_INSTRUCTIONS FOR THE TASK_.
Every line from the one with "Liverpool Geological Association." through the end of the entries below must be retyped exactly, and only those lines. The pictures are not part of the copy.

════

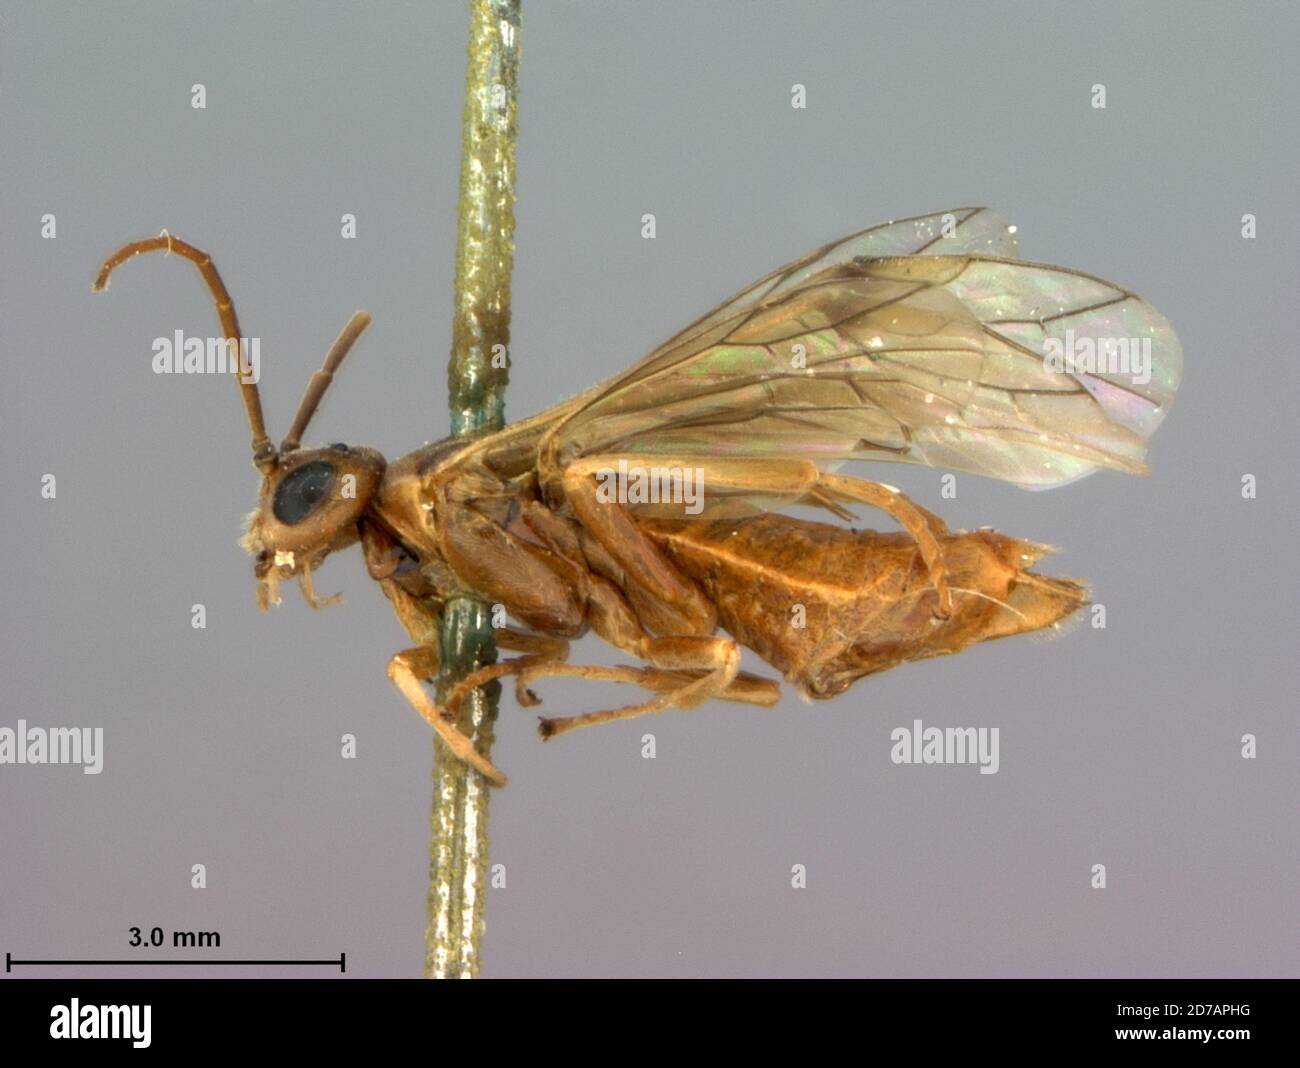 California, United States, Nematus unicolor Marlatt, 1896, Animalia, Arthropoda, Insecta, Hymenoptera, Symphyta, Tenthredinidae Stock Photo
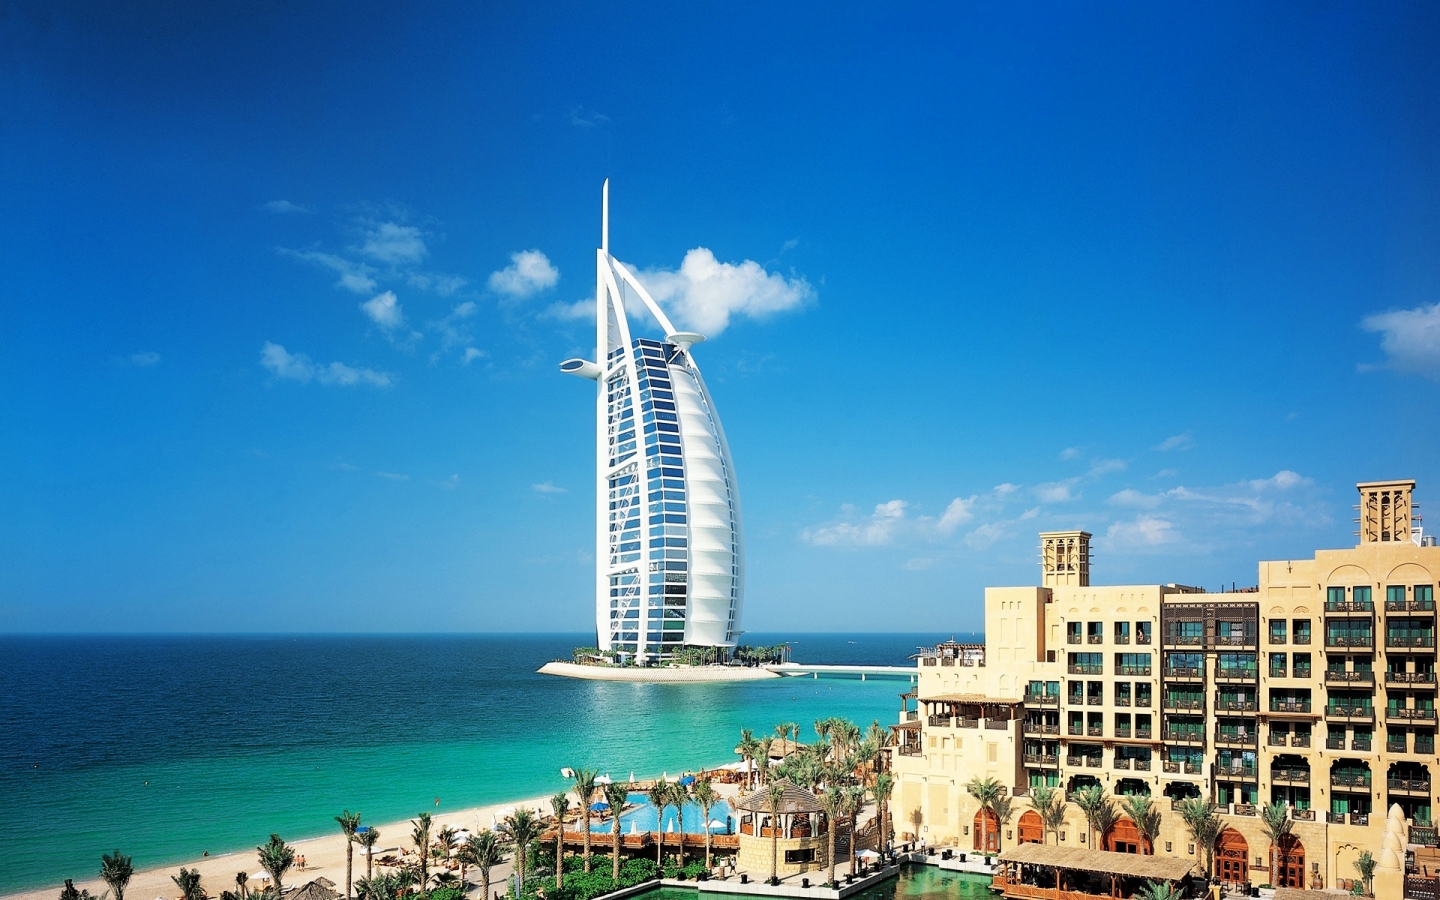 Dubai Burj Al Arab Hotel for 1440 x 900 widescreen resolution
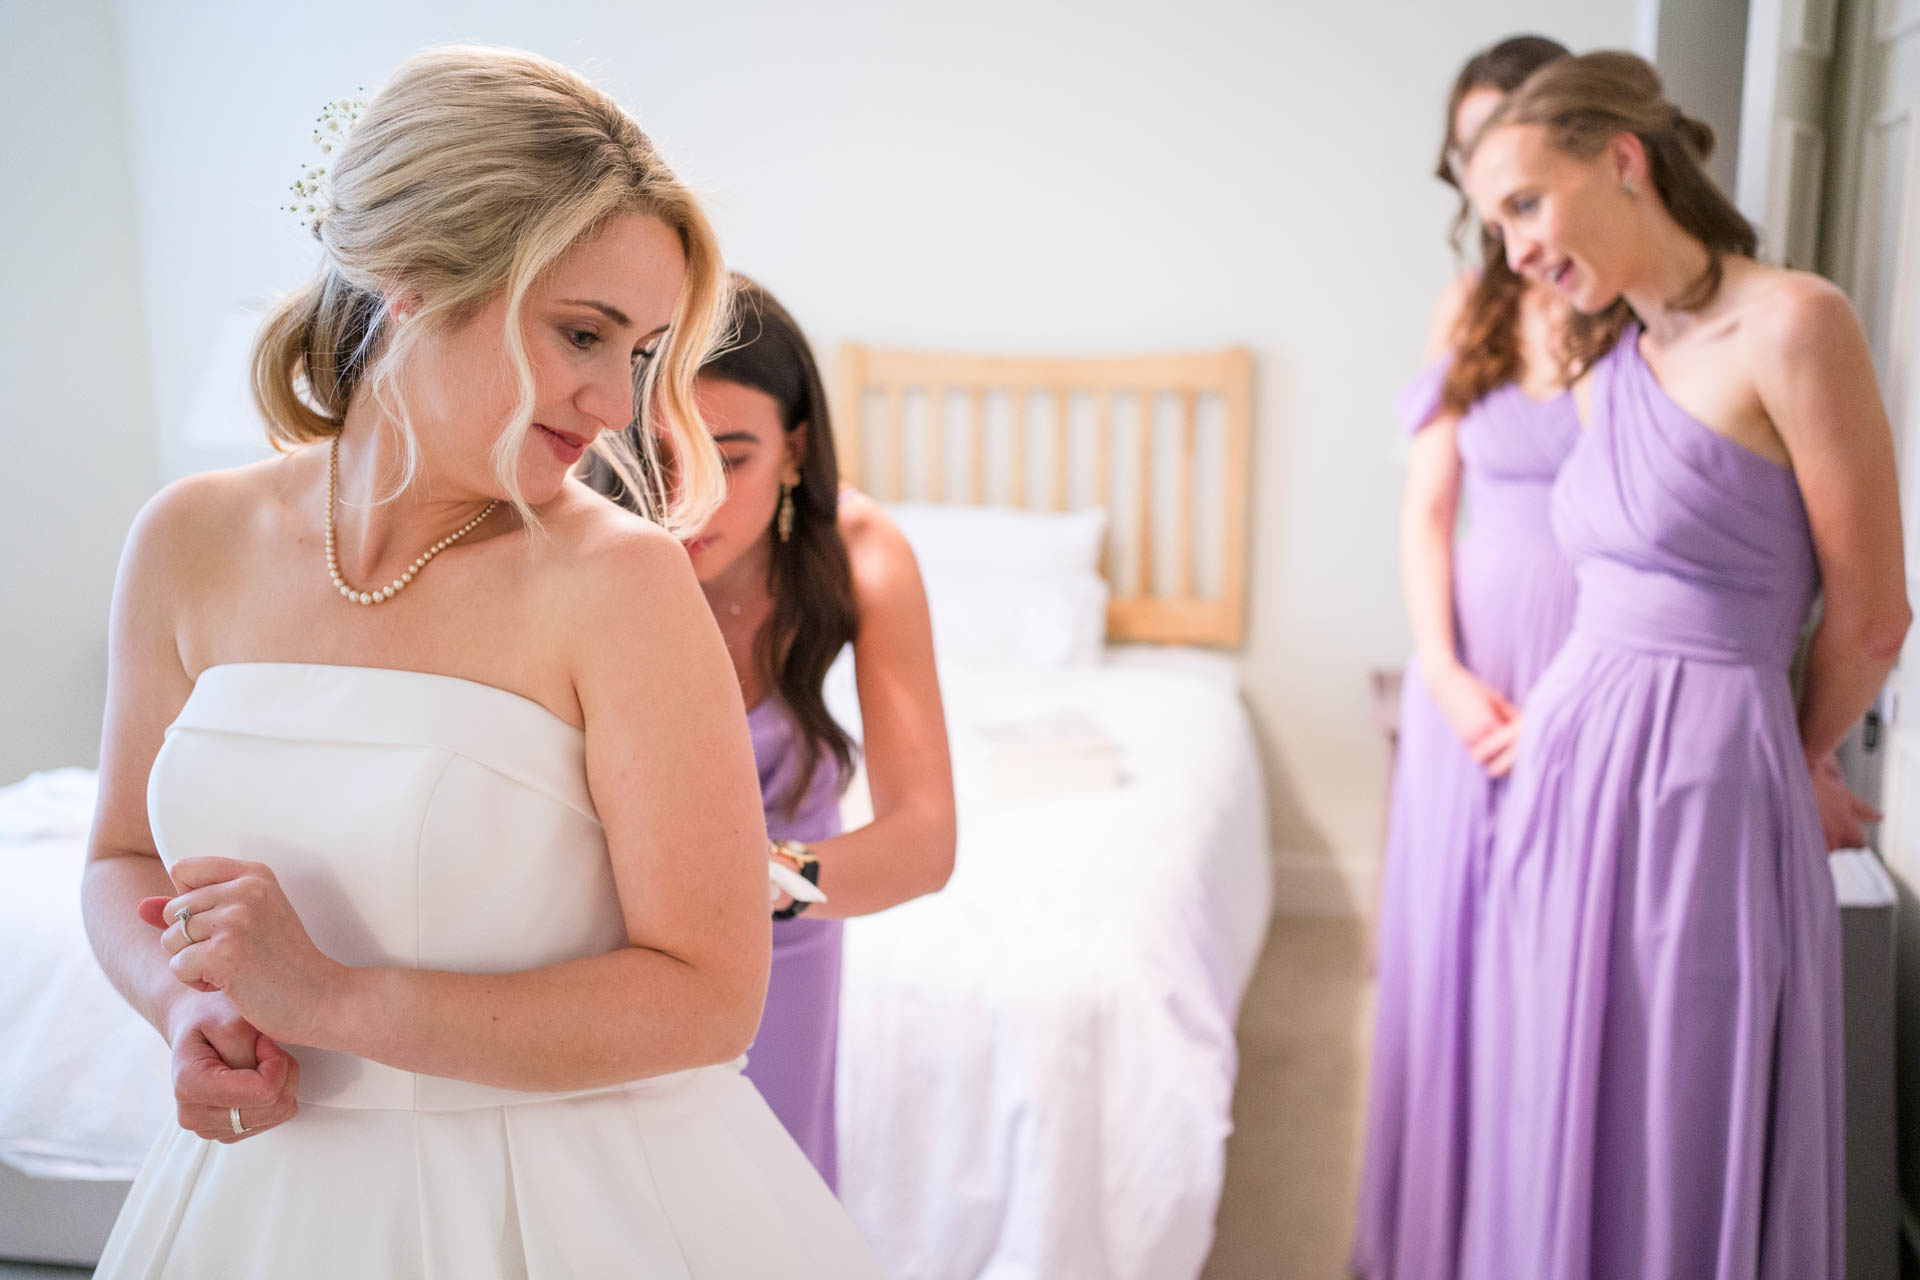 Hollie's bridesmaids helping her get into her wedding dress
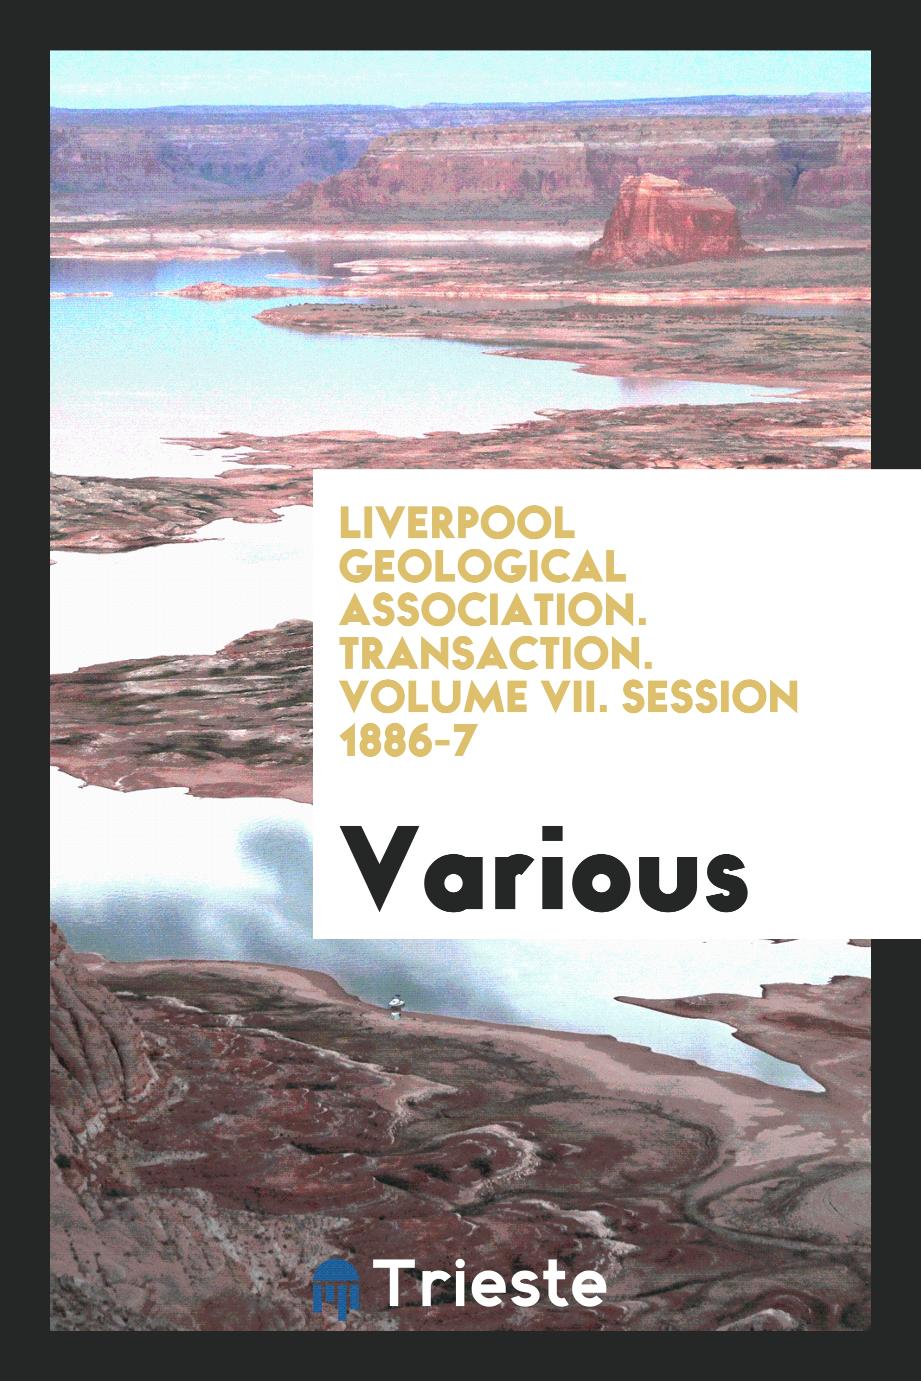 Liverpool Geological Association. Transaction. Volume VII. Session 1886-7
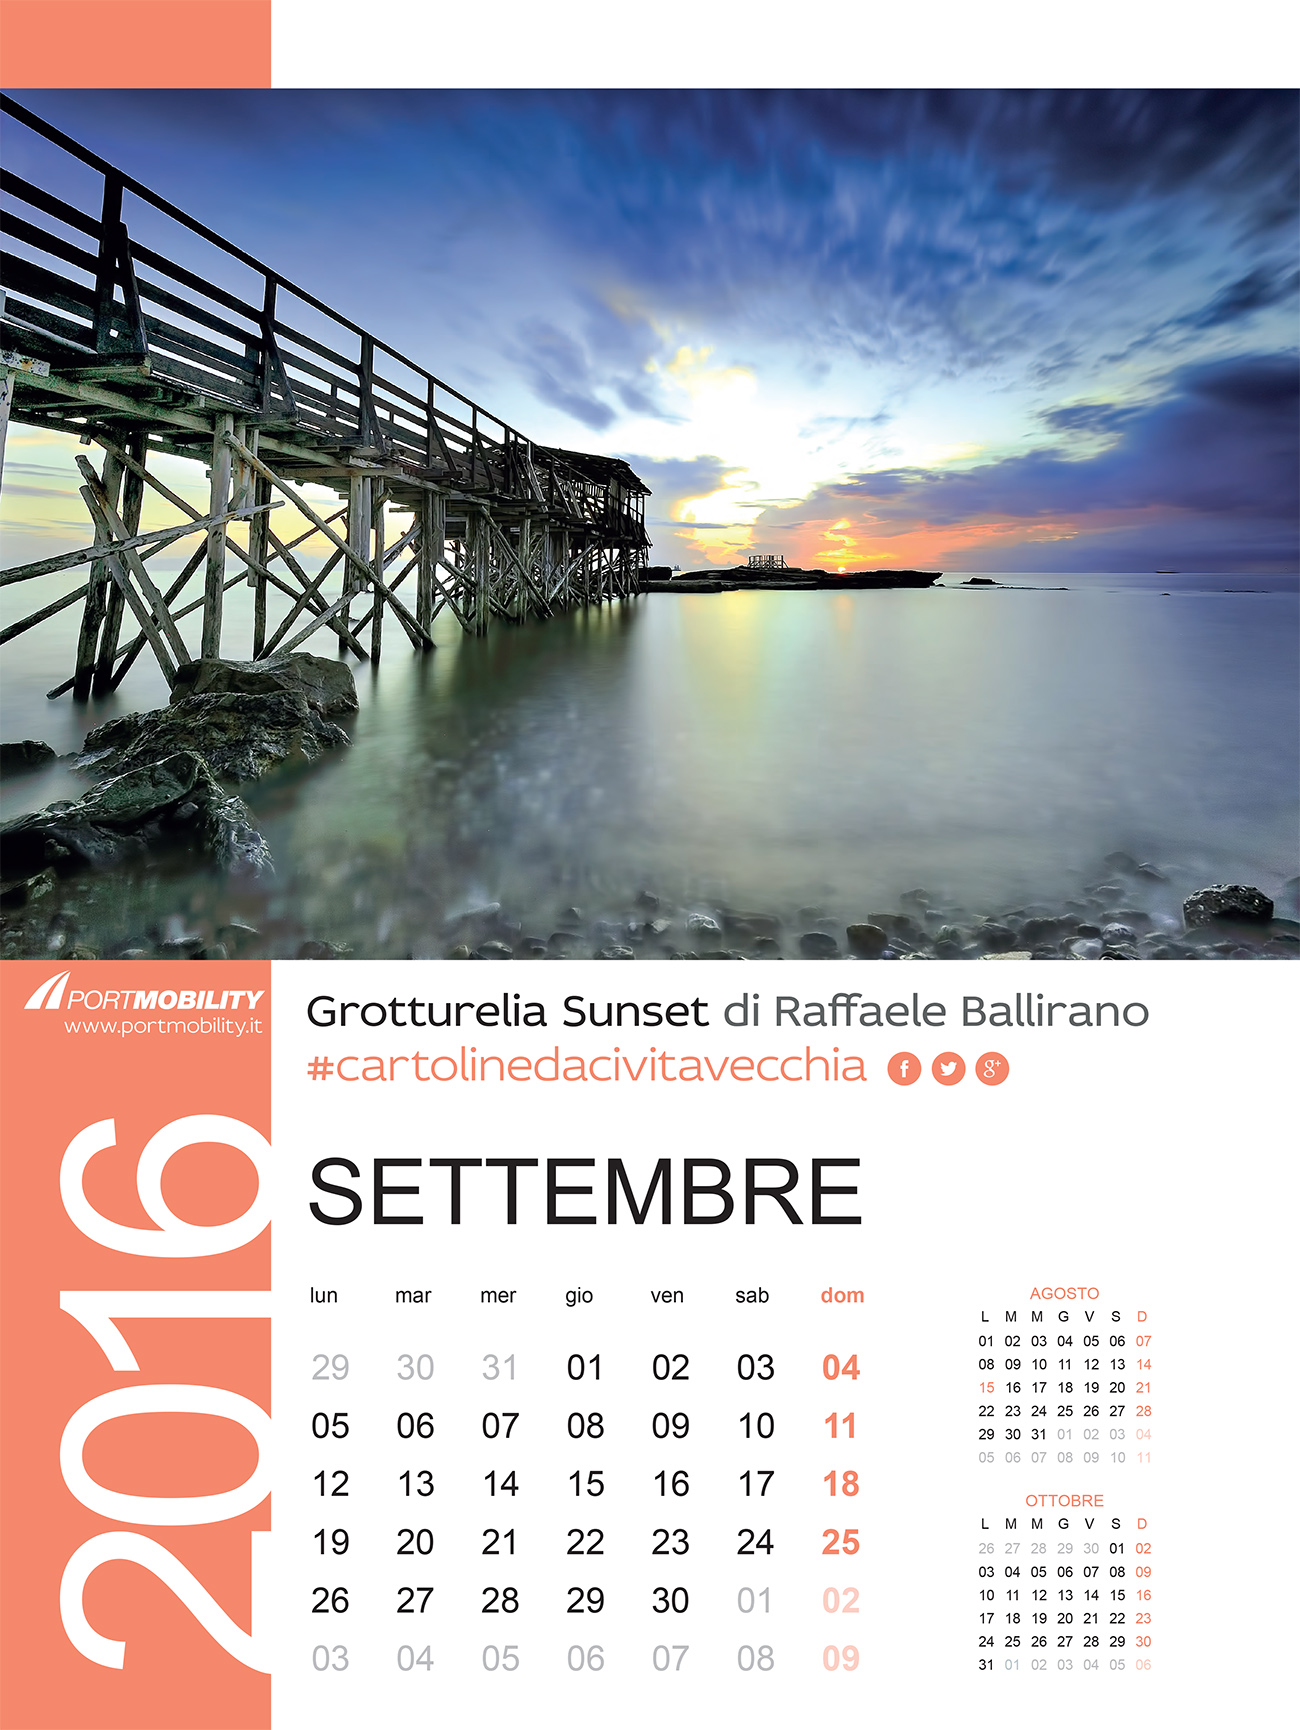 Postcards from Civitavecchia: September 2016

════

_SOLUTION TO THIS PROBLEM_.
 Liverpool Geological Association. Transaction. Volume VII. Session 1886-7
 Postcards from Civitavecchia: September 2016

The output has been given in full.